Tanimoto index in JChem Excel - ChemAxon Forum Archive

User 949a15025b

01-11-2011 10:44:49

This is probably a stupid question, sorry for that, but I'm quite new in this world of chemical software...

I'm intrested in calculating Tanimoto indexes (dissimilarity values based on binary strings) and get the result as a number between 0 and 1. As far as I'm concerned the classic definition of Tanimoto index is as follow: T= N_AB/(N_A+N_B-N_AB), and I would like the result to based on that equation.

As I'm working with very large data sets, SMILES in Excel, I would very much like to use your dissmilarity functions in JChem Excel for simplicity reasons. Is the Chemical fingerprint function what I'm looking for? If not, what is the chemical fingerprint function based on?

Thank you very much!

ChemAxon 0e37943a96

03-11-2011 09:50:12

Hi,

you can find additional description at the following link:

http://www.chemaxon.com/jchem/doc/user/ScreenMD.html

In JChem for Excel we just use basic parameters. If you need any extra options, or have further questions, then let us know.

Best regards,

Tamas.

User 949a15025b

14-11-2011 15:51:48

Dear Tamas,

Thanks for the reply!

The important thing for me is that the Tanimoto Coefficient calculations are based on the similarity between the substructures of each molecular structure (e.a. binary fingerprints). However, I don't require the calculations to be 100% exact.

What do you mean with "In JChem for Excel we just use basic parameters"? Smaller binary fingerprints of each structure?

Thanks again!

ChemAxon 0e37943a96

17-11-2011 08:43:21

Dear Damon,

in API terms we set up the MDParameters without specifying any additional options.

https://www.chemaxon.com/jchem/doc/dev/java/api/index.html

I will redirect your questions to a different forum area, where our collegaues will be able to provide more scientific explanation.

Best regards,

Tamas.

ChemAxon a3d59b832c

17-11-2011 11:37:10

Hi,

Yes, we provide the Tanimoto coefficient. That is the default option in (dis)similarity calculation.

See more details here: http://www.chemaxon.com/jchem4excel/userguide/dissimilarity.html

http://www.chemaxon.com/jchem/doc/user/fingerprint.html

http://www.chemaxon.com/jchem/doc/dev/search/index.html#simil

Best regards,

Szabolcs

User 949a15025b

10-12-2011 11:42:28

Hi again,

I have now used the CF Fingerprint function for calculating Tanimoto coefficients for many million molecule combinations.

However, when comparing some JChem Excel calculated Tanimoto coefficients with coefficients calculated with Daylight, I found small differences between the result. Coefficients calculated with Jchem Excel was predominantely lower than when calculated with Daylight.

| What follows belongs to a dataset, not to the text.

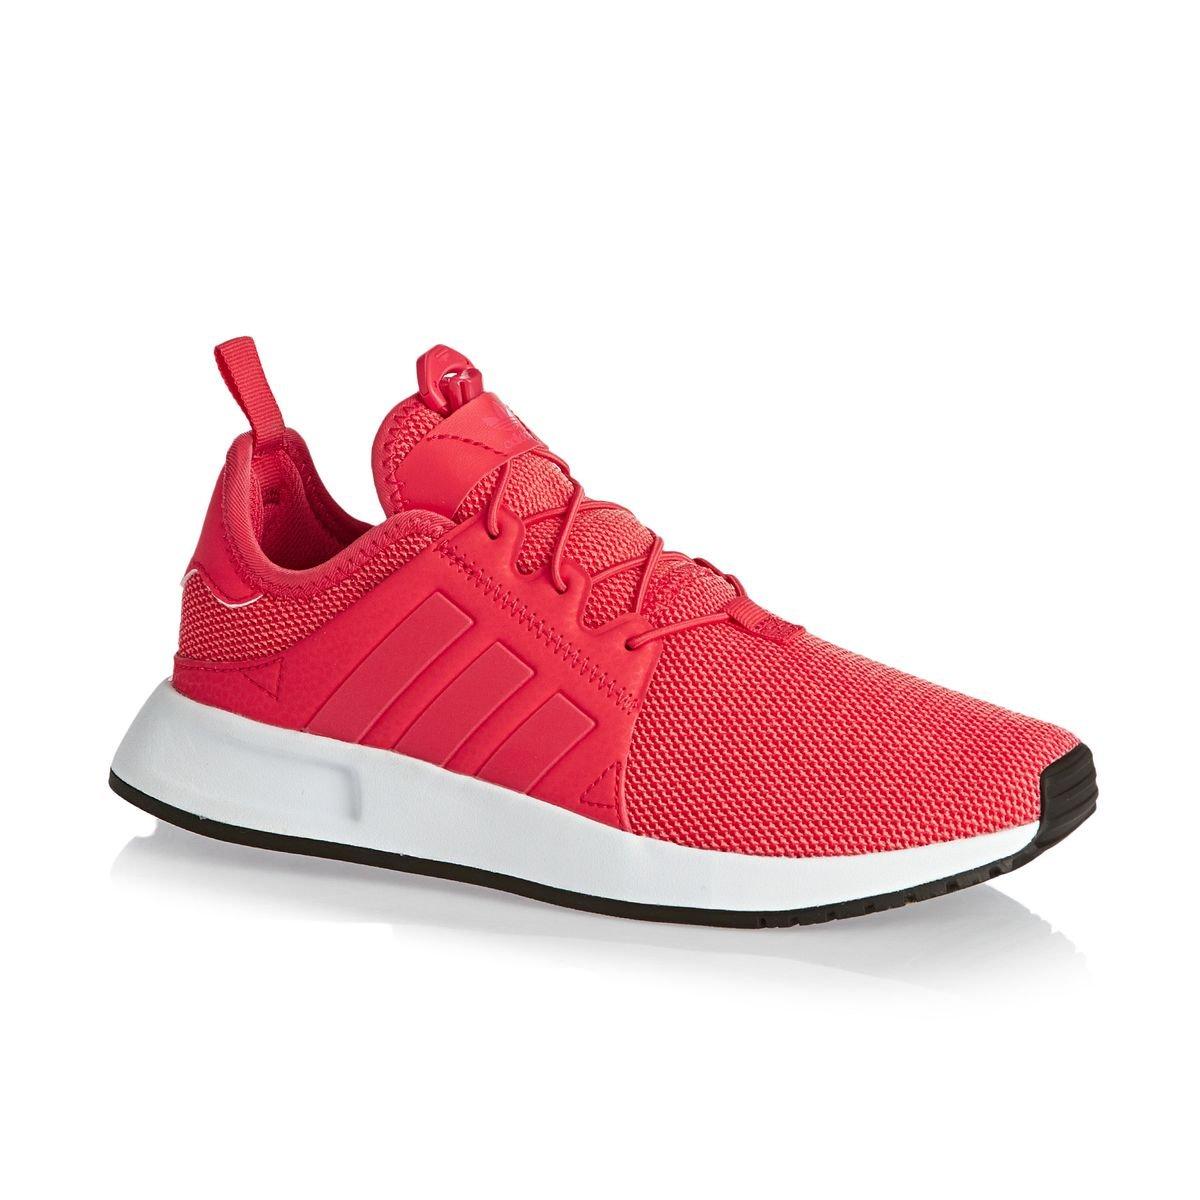 adidas Unisex Adults  X PLR J 579 Trainers  Amazon.co.uk  Shoes   Bags 49985019a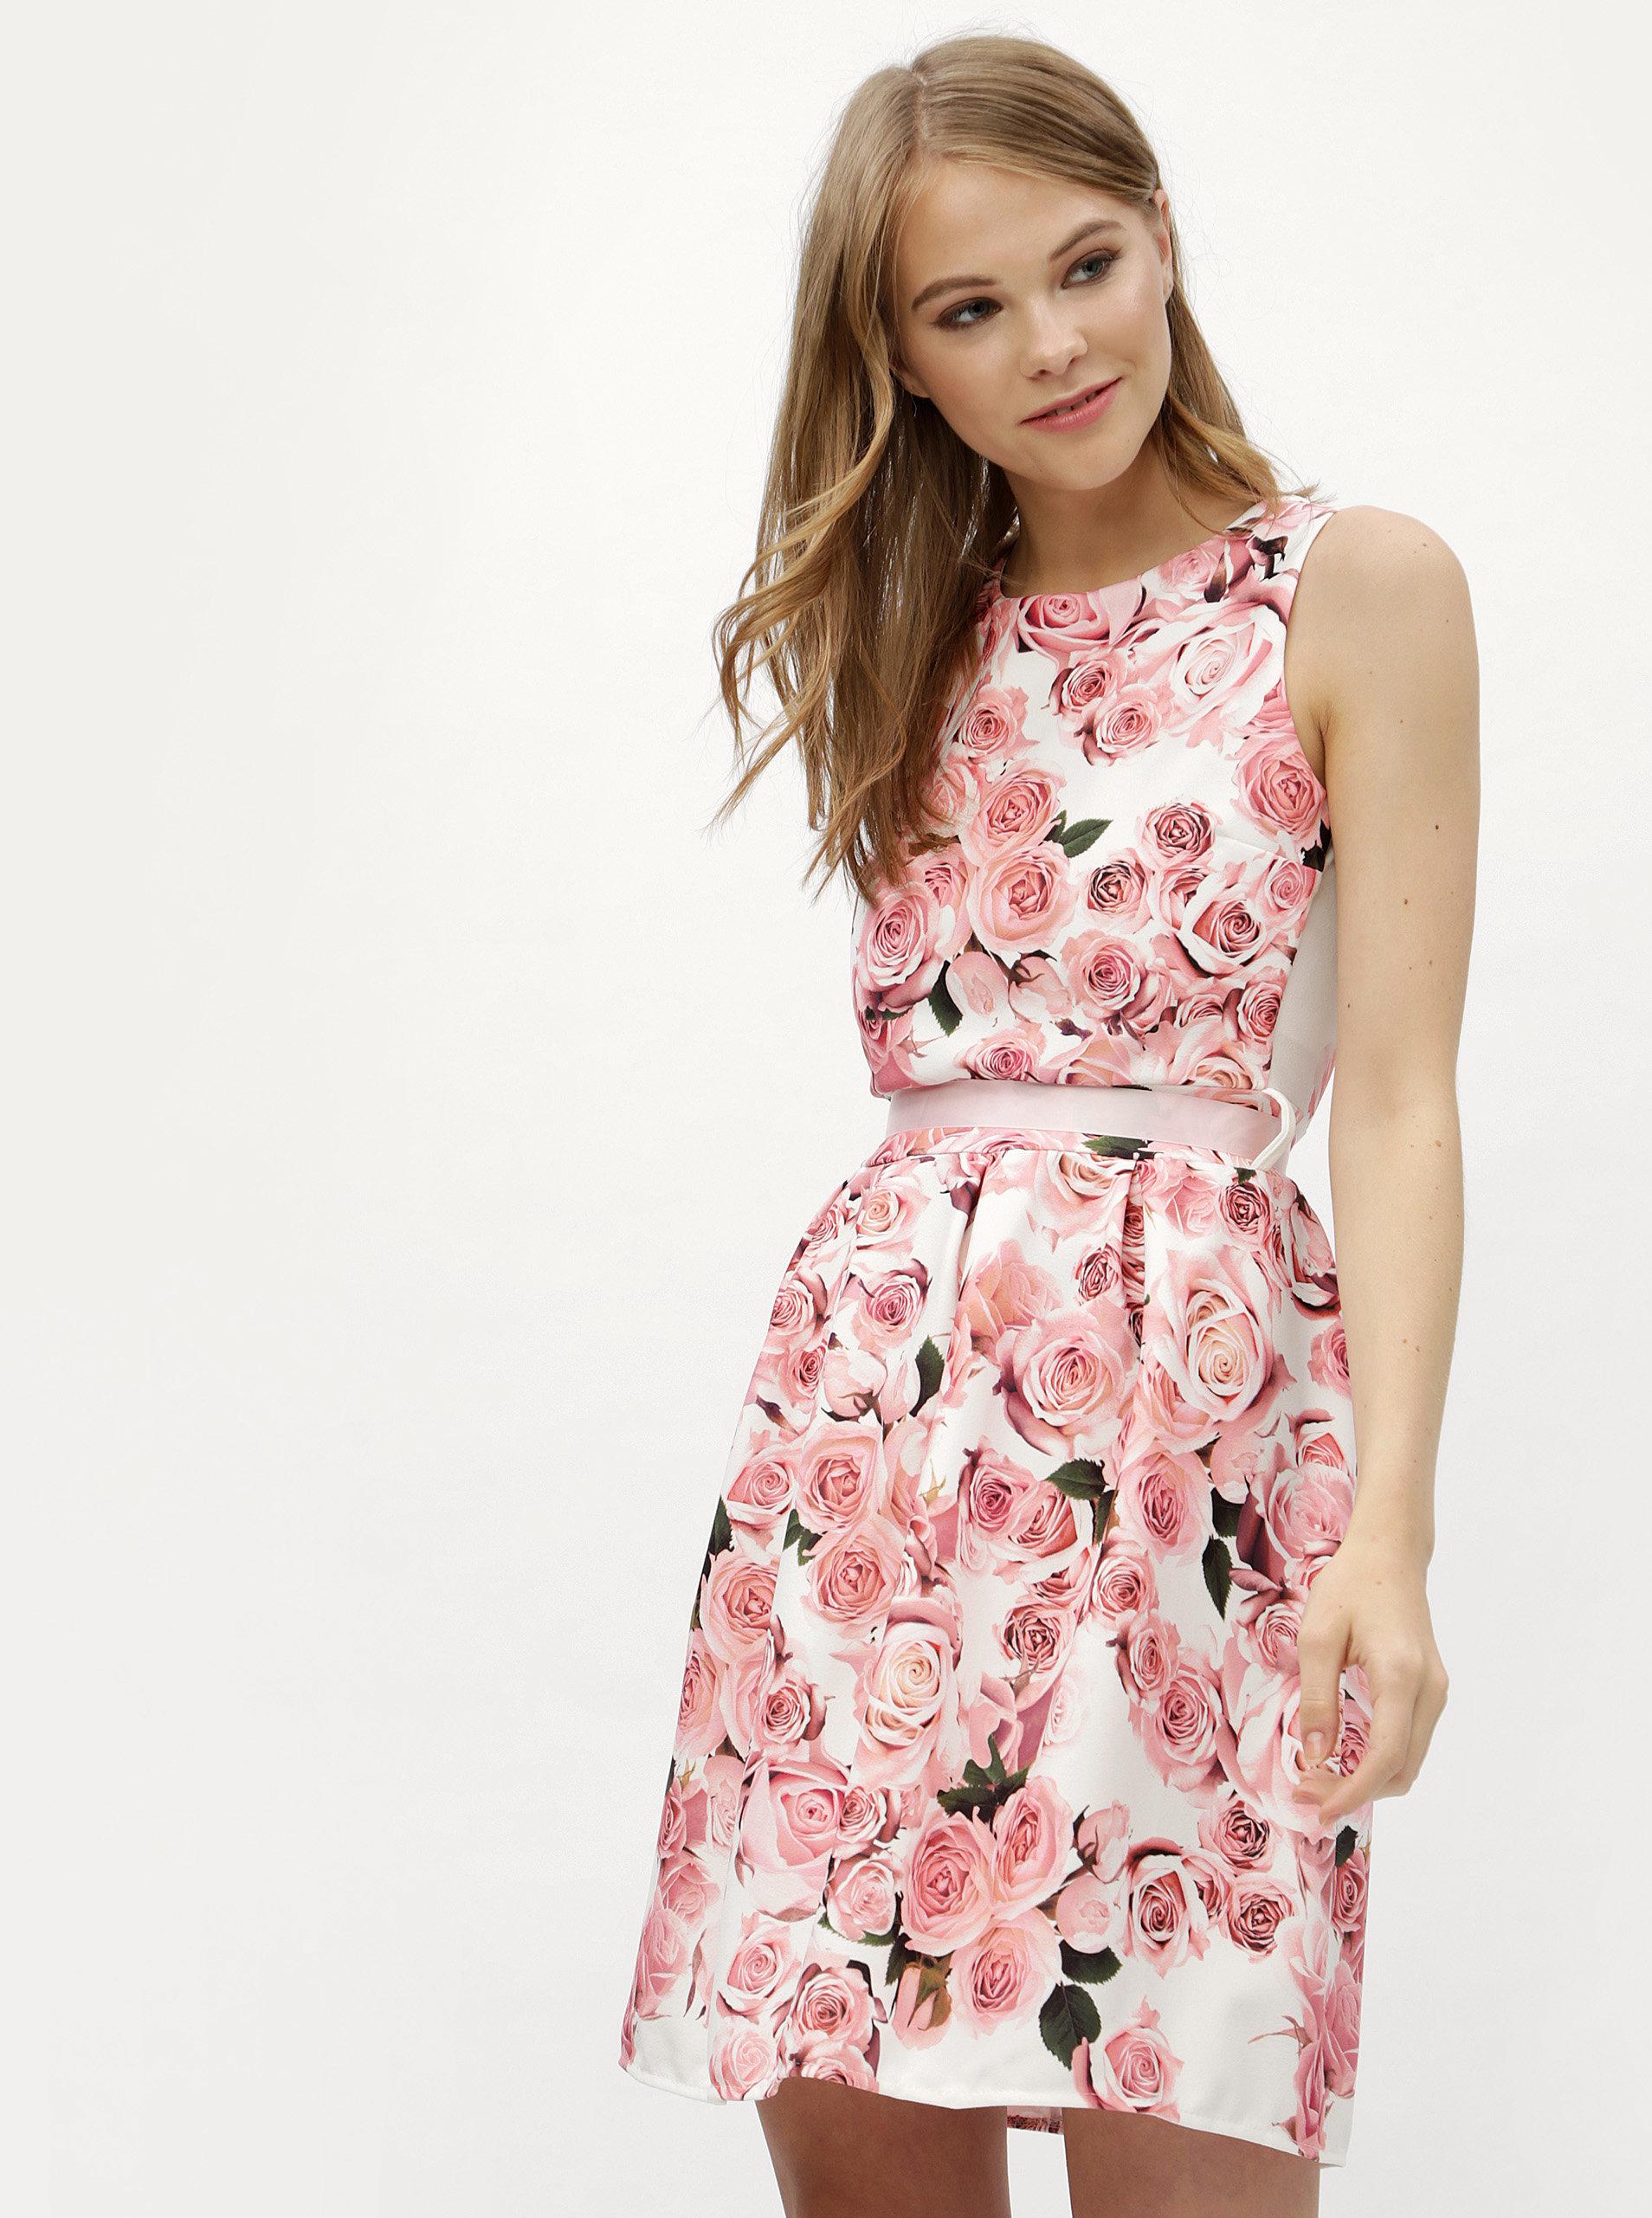 a69fda9999ca Bílo-růžové květované šaty se stuhou Haily´s Rosy ...

How can this be explained? Is the tanimoto Coefficient function in JChem Excel less sofisticated? Are less structural patterns considered when calculating the fingerprints.

I would also appreciate a brief explanation of how the Coefficient is yield from the SMILES strings in Excel when using the CF Fingerprint Tanimoto function. I can't figure this out by reading the recommended links above.

Thanks!

ChemAxon a3d59b832c

13-12-2011 14:48:57

Hi,

However, when comparing some JChem Excel calculated Tanimoto
coefficients with coefficients calculated with Daylight, I found small
differences between the result. Coefficients calculated with Jchem Excel
was predominantely lower than when calculated with Daylight.

How can this be explained? Is the tanimoto Coefficient function in
JChem Excel less sofisticated? Are less structural patterns considered
when calculating the fingerprints.

The Daylight algorithm for calculating the fingerprints is not fully disclosed, so we do not know all details of their algorithm. It is possible that our chemical hashed fingerprint contains less structural patterns. Please note that the number of patterns encoded is also dependent on the fingerprint parameters. If you would like to play around with it, you can experiment with higher fingerprint path lengths, for example.

I would also appreciate a brief explanation of how the Coefficient is
yield from the SMILES strings in Excel when using the CF Fingerprint
Tanimoto function. I can't figure this out by reading the recommended
links above.

First a Molecule object (graph) is created from the smiles string. Then all sub-graph patterns contained within this graph that correspond the fingerprint parameters are exhaustively enumerated. From each such sub-graphs, several bit positions are calculated by a hashing function. In the fingerprint, these bits are set to 1.

I hope this helps.

Best regards,

Szabolcs